- _Recorded information_
---
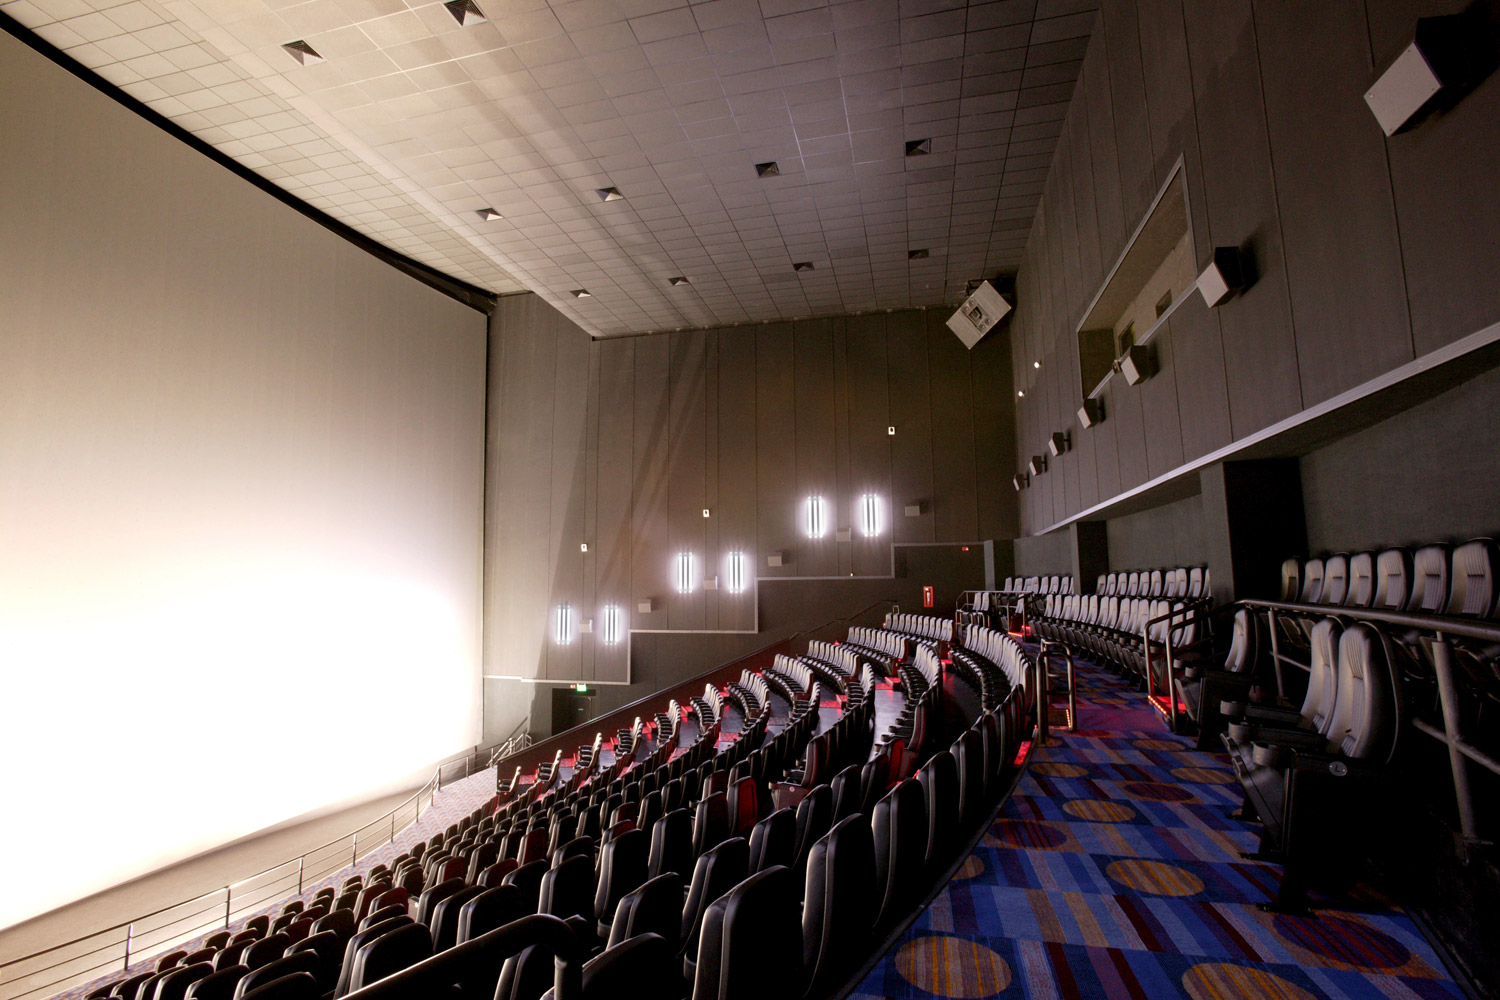 imax 3d cinema
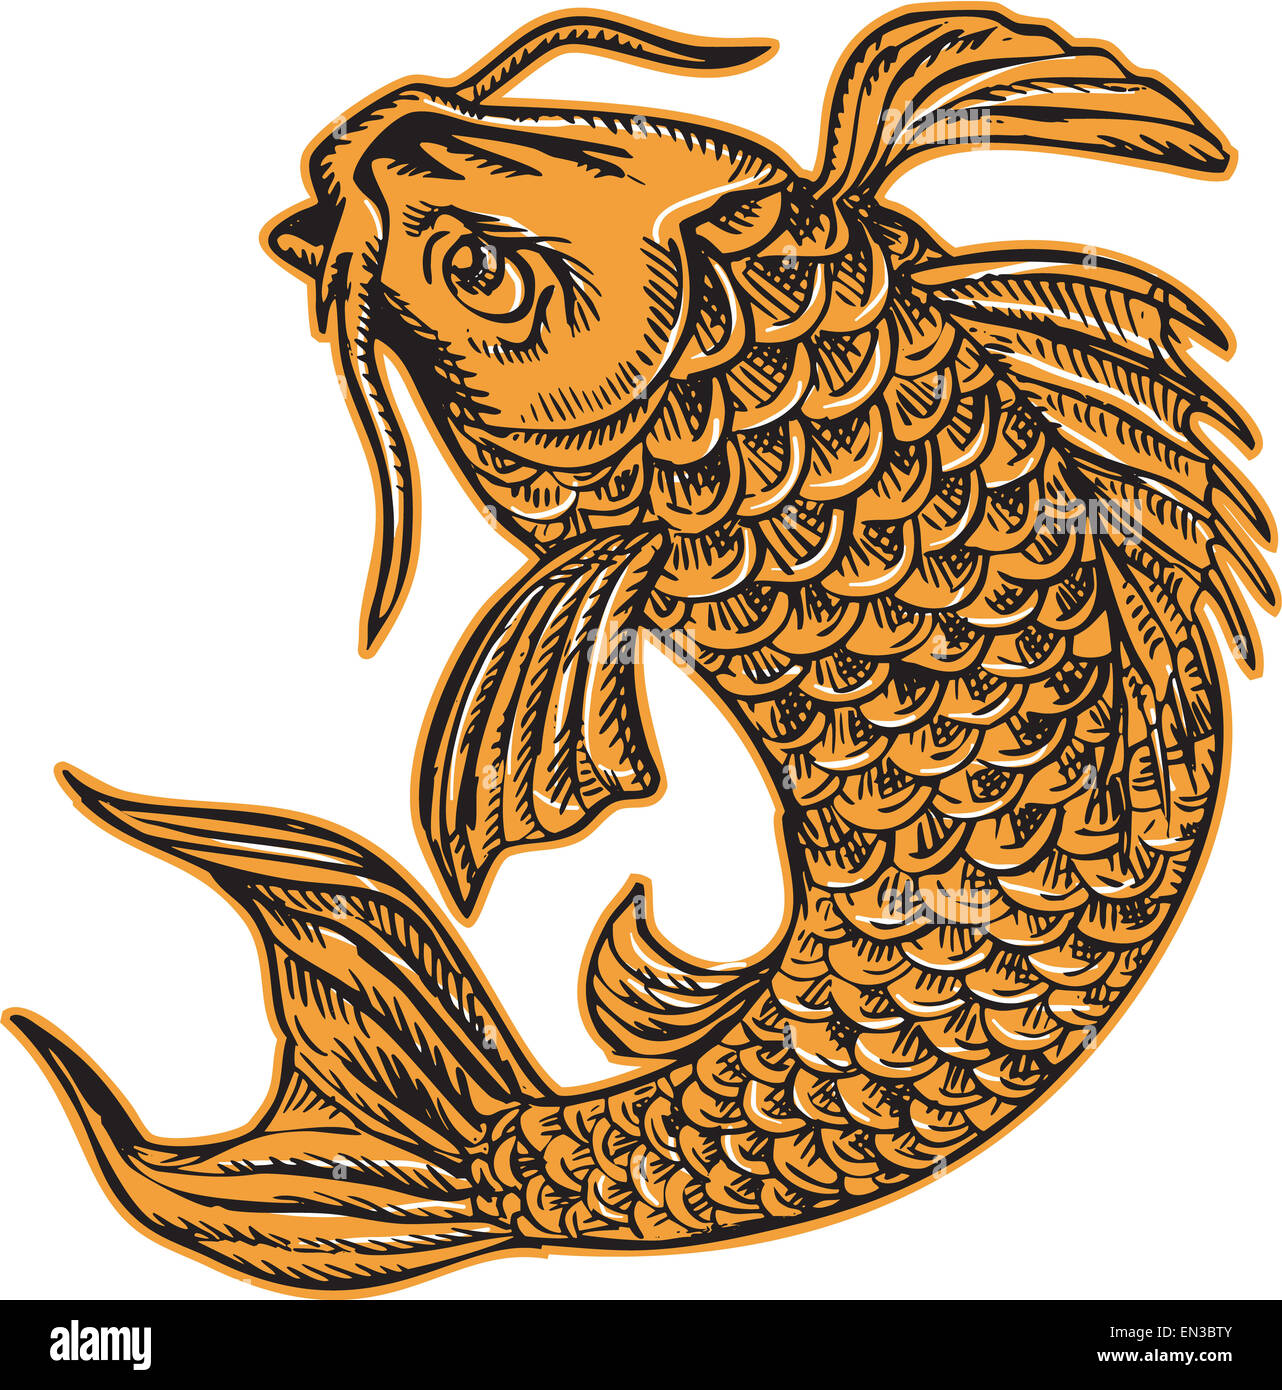 Etching engraving handmade style illustration of a koi carp nishikigoi fish jumping viewed from side set on isolated background. Stock Photo
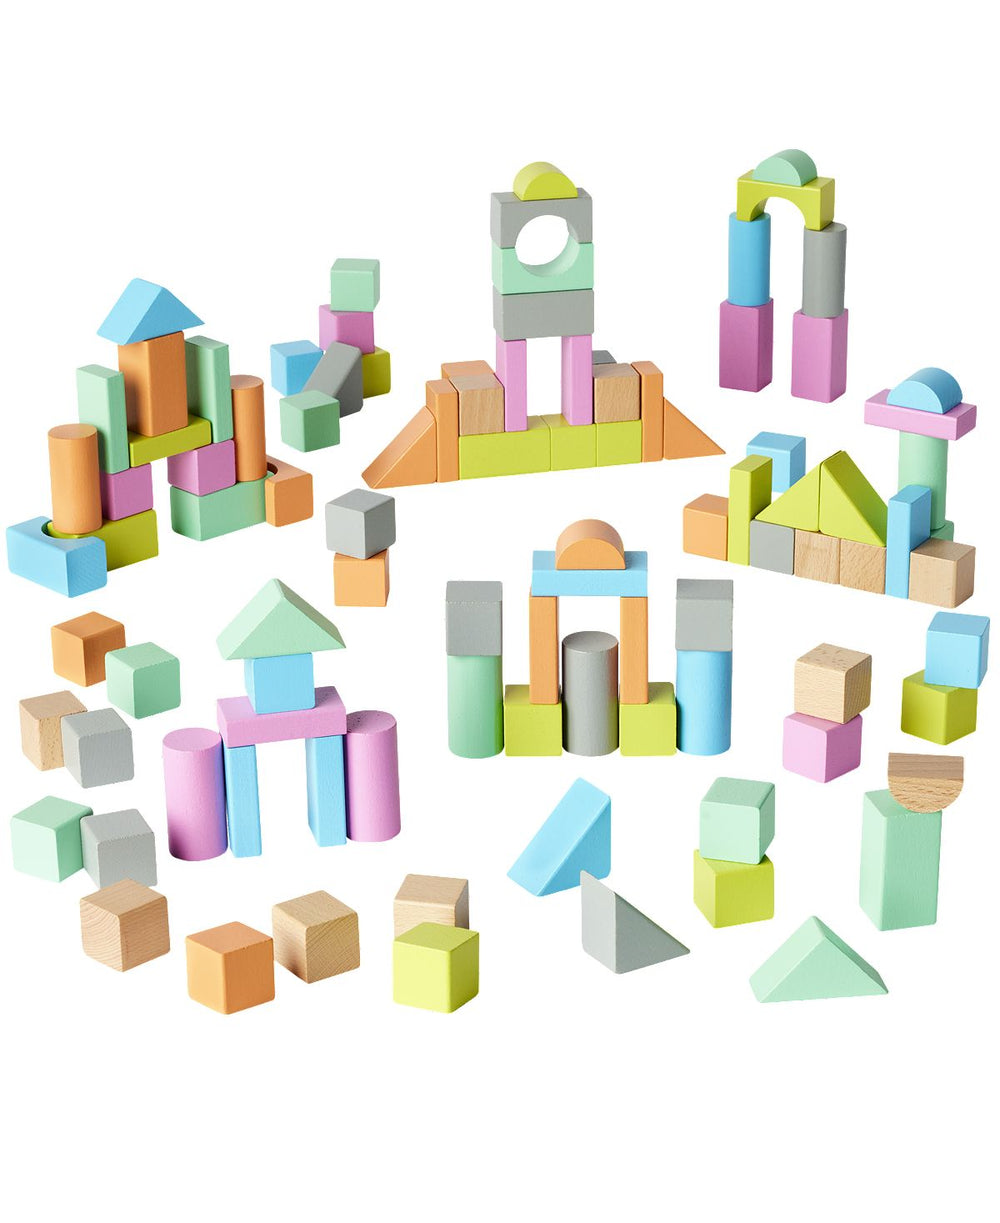 Imaginarium 100-Piece Wooden Block Set - Colorful Building Blocks for Creative Play
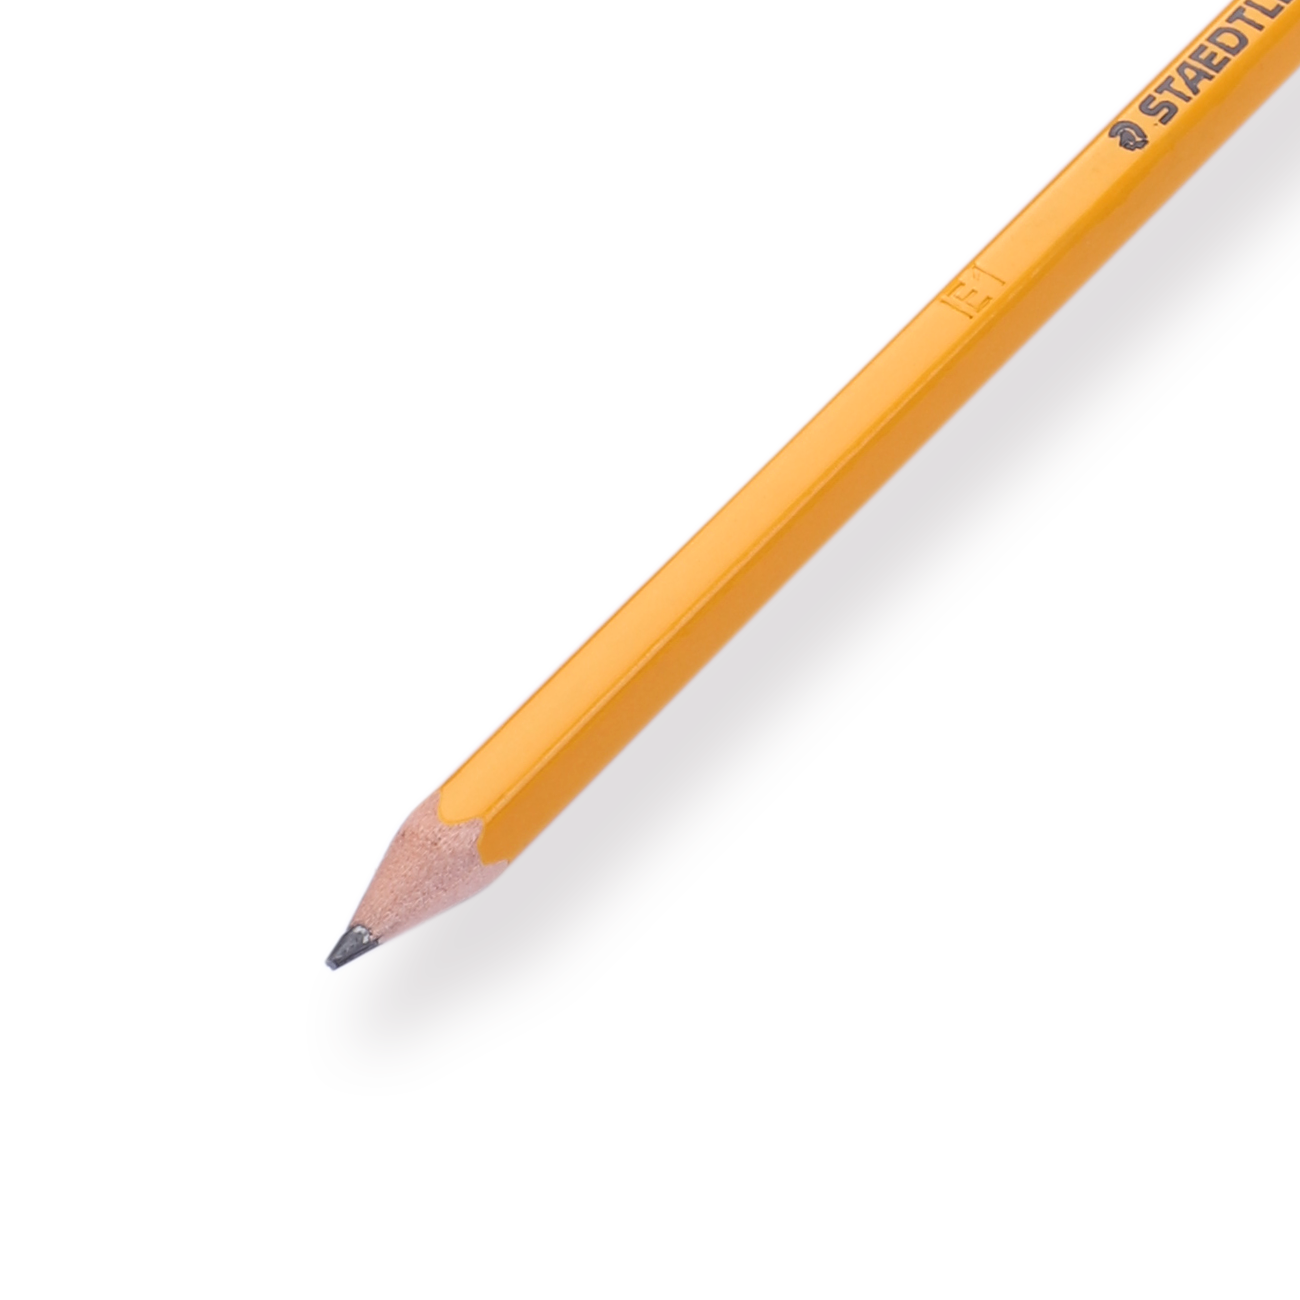 Faber-Castell Castell 9000 2B pencil – Scribe Market
---
- _Exercise details_
Print the data exactly as written, dropping any images it holds.

- _Final answer_
 imax 3d cinema
 Etching engraving handmade style illustration of a koi carp nishikigoi fish jumping viewed from side set on isolated background. Stock Photo
 Imaginarium 100-Piece Wooden Block Set - Colorful Building Blocks for Creative Play
 Faber-Castell Castell 9000 2B pencil – Scribe Market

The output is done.